You can probably do this challenge without using anything fancy (with a hashmap of phrases or something) but I think it’s a nice opportunity to play with a fun data structure: suffix arrays!
If you want to try the challenge, she has a SQLite database of tweets you can download from dropbox.
Here's some of the memes I found:
- Actual footage of me after chugging a venti iced coffee prepping for this presentation
- Actual footage of me before a phone interview.
- Actual footage of me holding my life together during December.
This is a pattern that got shared a lot:
born in: 🇷🇺 i live in: 🇷🇺 first country i traveled to: 🇧🇻 last country i traveled to: 🇹🇳 country i miss the most: 🇸🇯 countries i hope to see: 🇰🇷🇯🇵🇨🇳🇮🇸🇷🇴🇵🇱🇬🇧🇺🇸🇮🇹🇪🇸🇩🇪 countries already been to: 🇳🇴🇸🇪🇫🇮🇹🇭🇹🇳🇹🇷🇪🇬 country likely visit next: who knows..
It seems like twitter did something that prompted a bunch of people to post lots of variations on this message:
DISCLAIMER! Due to Twitter’s new policy, I’m posting a disclaimer and would like to mention that I am not any of the celebrities I post about. This account is not affiliated with any of them. This is purely a fan account for entertainment purposes only.
In her blog post, Julia describes sifting through the suffix array manually to find interesting looking memes. I did pretty much the same thing, but with a few changes to make it a bit easier.
My python code for iterating through the suffix array and printing it out was pretty slow, so I decided to just throw away 90% of the data. I figured that I didn't need a ton of examples to recognise the memes.
I also noticed that a lot of the suffix array was actually irrelevant to the challenge, because huge chunks of it contained strings that didn't have many characters in common. To make my job easier, I wrote some code to filter out strings that don't have enough overlap with the preceding one:
last_sample = None for suffix in suffix_array.recover_suffixes(): tweet_suffix = first_line(suffix.strip()) sample = tweet_suffix[:20] if sample != last_sample: # Too different, ignore last_sample = sample continue
I was initially confused at why there were so many complete words in my dataset. Since all suffixes of a string get represented in the suffix array, I was expecting to see suffixes beginning with partial words (such as "ello world") sorted in the middle of full words.
It turned out what was happening was I was looking at suffixes beginning with a space character (e.g. " a year ago"), but I was stripping off the space when I printed them out (doh). Although confusing, this was useful for the challenge because I wasn't interested in substrings that don't start on word boundaries.
I used pydivsufsort to actually build the suffix array. Although it isn't packaged up for easy installation with pip, it was quite straightforward to compile libdivsufsort, the c library it's wrapping.
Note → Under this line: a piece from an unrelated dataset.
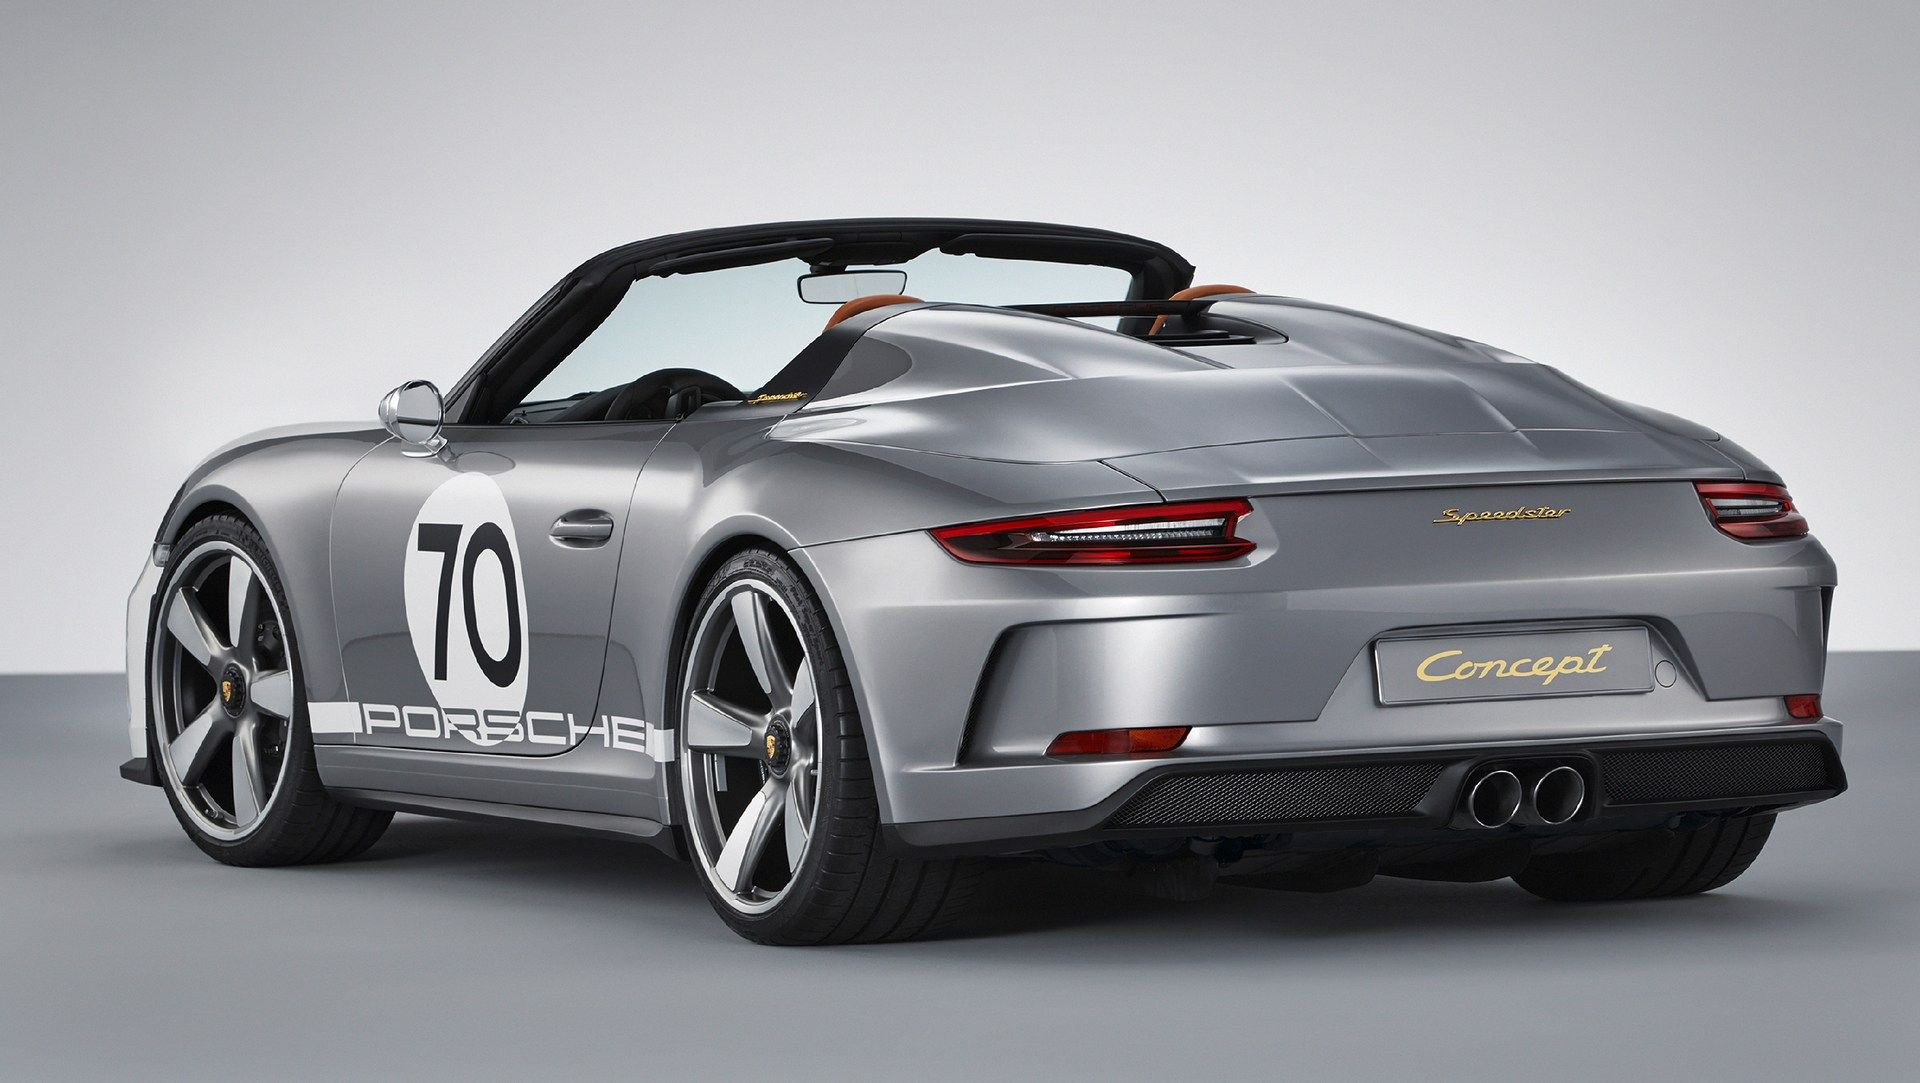 Porsche-911C-Speedster-Concept-3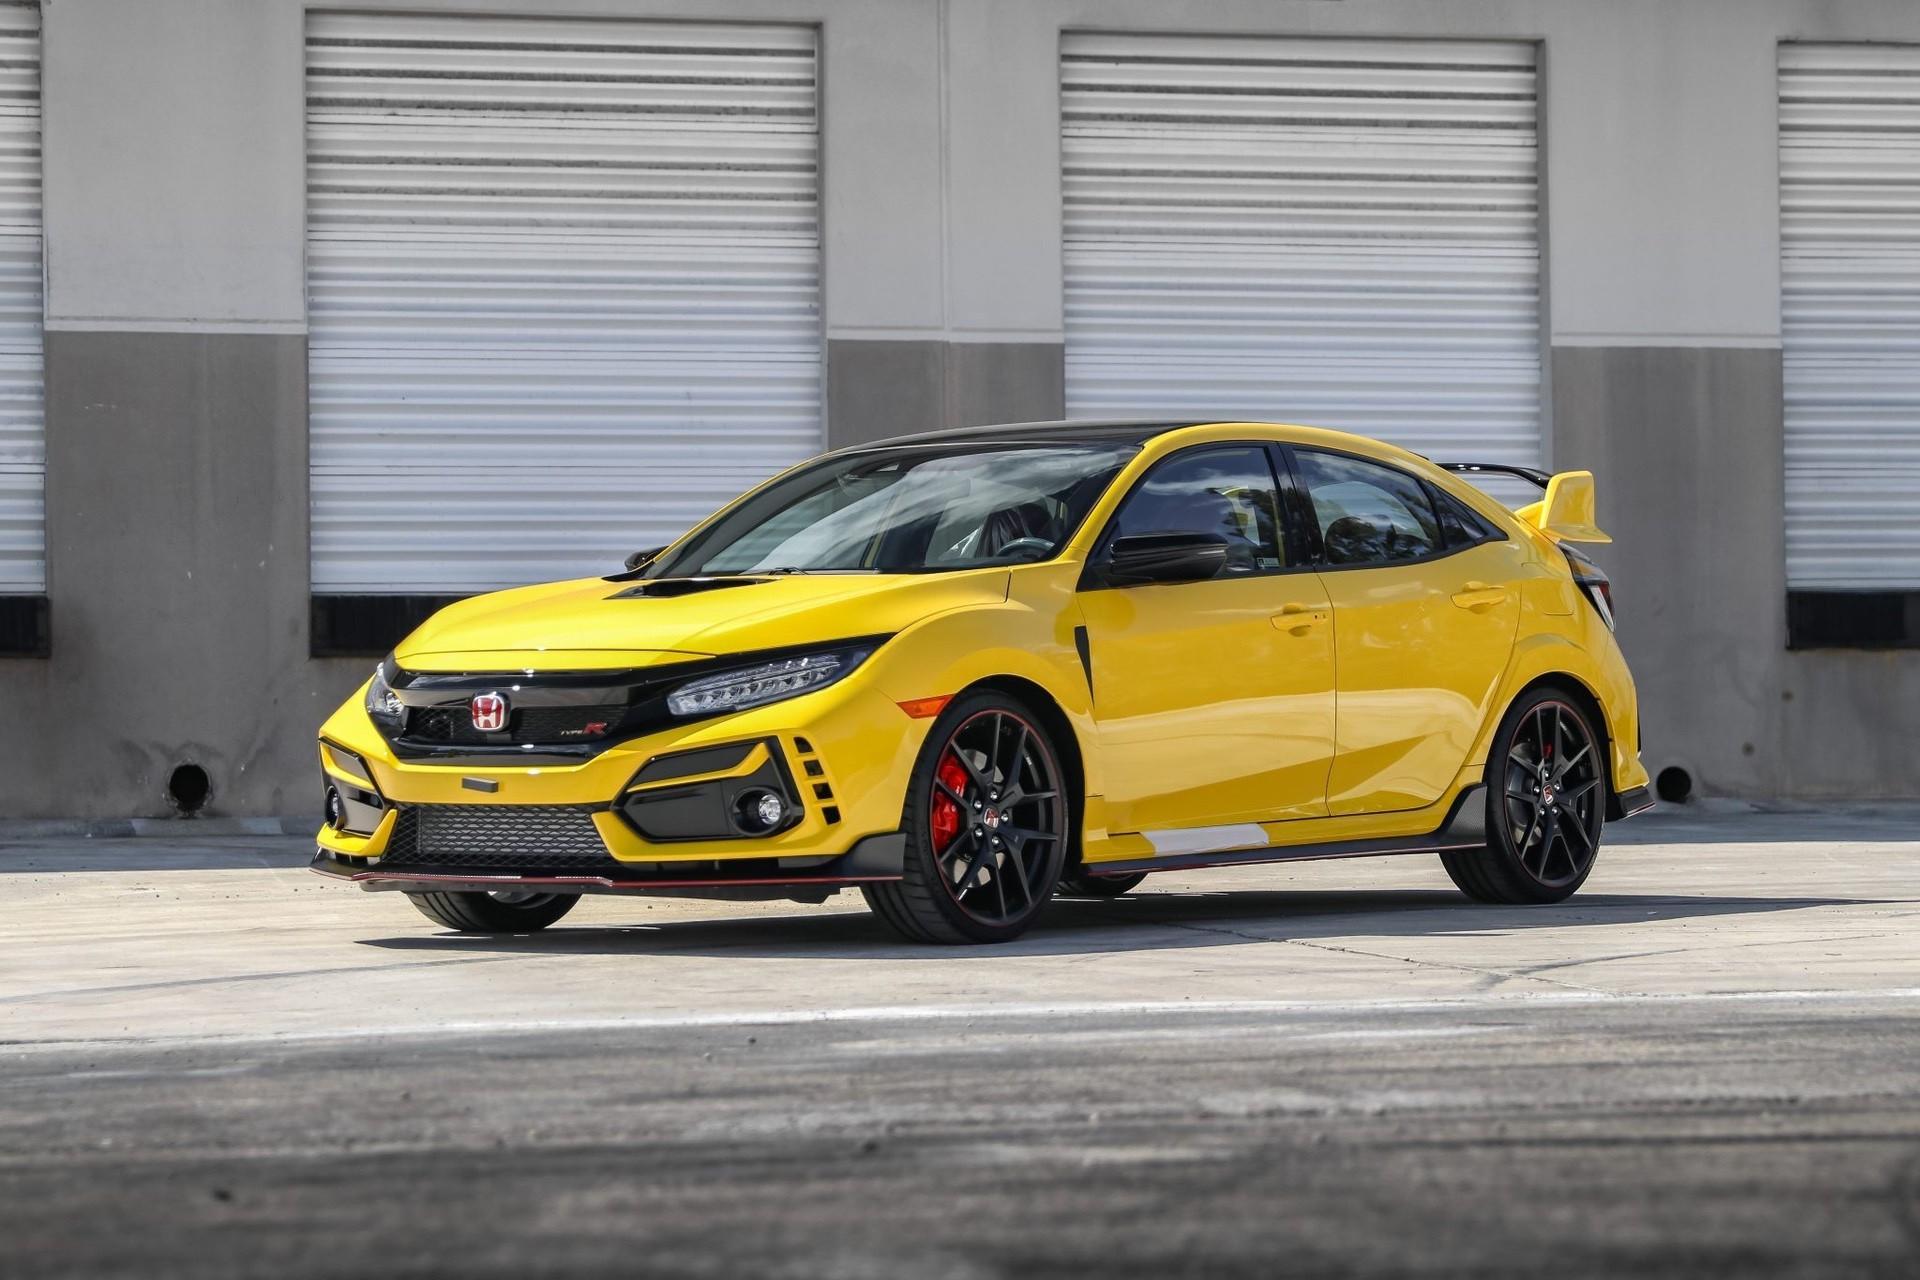 2021_Honda_Civic_Type_R_Limited_Edition-0000

I added a couple of helper methods to help me debug the SuffixArray data structure:
def __str__(self): return str(list(self.sa)) def recover_suffixes(self): """ Return the suffixes in sorted order """ return (self.text[i:] for i in self.sa)
However, when I tried using it, I got weird results:
import divsufsort a = divsufsort.SuffixArray('bananas') >>> print(a) [6, 5, 1, 2, 3, 4, 0] >>> print(list(a.recover_suffixes())) ['s', 'as', 'ananas', 'nanas', 'anas', 'nas', 'bananas'] # this isn't sorted at all!
It turned out that this library accepted regular unicode strings but only works properly with bytestrings:
>>> a = divsufsort.SuffixArray(b'bananas') >>> print(a) [1, 3, 5, 0, 2, 4, 6] >>> print(list(a.recover_suffixes())) [b'ananas', b'anas', b'as', b'bananas', b'nanas', b'nas', b's']
This took me ages to figure out, because I wasn't sure if I had actually misunderstood something about the data structure. But thankfully, pydivsufsort came with tests, so inspecting those helped me to figure out what I was doing wrong.
Once I got past this problem I was pretty happy with pydivsufsort. However, if you are interested in coding a suffix tree construction algorithm from scratch instead, you could try this guide on the SA-IS algorithm for programmers.
Using bytestrings throughout meant I couldn't rely on the
print() function to print out non-latin characters, like emojis. 😭
In python, if you print a byte string, you get a hexidecimal representation of it printed out instead of the actual string, which is very annoying!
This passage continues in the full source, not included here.